Nolden brought claims against Crescent for "[m]edical [n]egligence," "[m]edical [b]attery," and "[b]reach of [c]ontract to [c]ure." She asserted that Crescent was negligent in: (1) "failing to institute the appropriate interventions to prevent" her spider-bite wounds from becoming worse; (2) "failing to appropriately treat [her spider-bite] wounds according to the [p]hysician [t]reatment [p]lan"; and (3) "failing to provide a sufficiently trained and supervised staff" and to "have policies" in place to protect her from the male resident's attacks.
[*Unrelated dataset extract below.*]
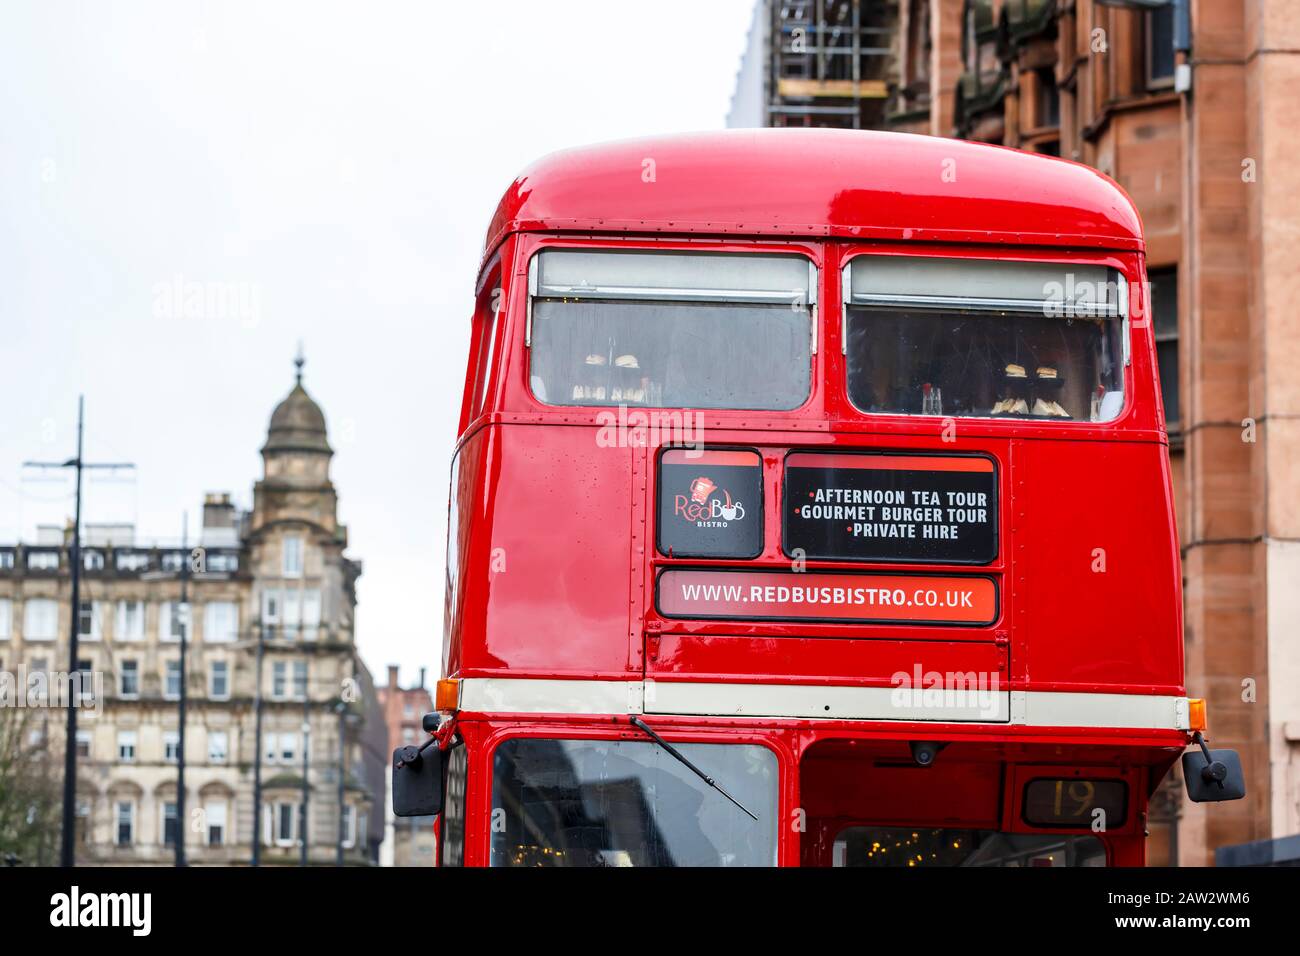 Détail de l'avant du Red bus Bistro dans le centre-ville de Glasgow, Ecosse, Royaume-Uni Banque D'Images

Further, Nolden asserted that Crescent was liable, based on a theory of respondeat superior, for the actions of "the nurses and other healthcare providers at [Crescent]."

In her original petition, Nolden stated that she had provided Crescent with "written notice of [her] claims as required by Texas Civil Practice [and] Remedies Code [section] []74.051." Nolden sought damages for mental anguish, physical pain and suffering, physical impairment, emotional distress, and "reasonable and necessary medical, hospital, and nursing expenses." Nolden also, alleging that Crescent's conduct "constitute[d] malice and gross [n]egligence," sought exemplary damages.

See id. § 74.051 ("Notice").

In response to Nolden's original petition, Crescent filed a combined answer, special exceptions, and motion to dismiss. Crescent generally denied the allegations in Nolden's petition and asserted certain affirmative defenses, including that Nolden's claims were barred by the applicable statute of limitations. And Crescent specially excepted to, among other things, Nolden's failure to attach or incorporate into her original petition a showing that she satisfied the "condition precedent" of providing to Crescent a "statutorily mandated notice of claim."

See id. § 74.251(a) (providing health care liability claim must be "filed within two years from the occurrence of the breach or tort or from the date the medical or health care treatment that is the subject of the claim or the hospitalization for which the claim is made is completed").

See id. § 74.051(a), (b) (providing "[a]ny person or h[er] authorized agent asserting a health care liability claim shall give written notice of such claim by certified mail, return receipt requested, to each physician or health care provider against whom such claims [are] being made at least [sixty] days before the filing of a suit in any court of this [S]tate based upon a health care liability claim" and "[i]n such pleadings as are subsequently filed in any court, each party shall state that [she] has fully complied with the provisions of this section . . . and shall provide such evidence thereof"); see also id. § 74.052(a), (c).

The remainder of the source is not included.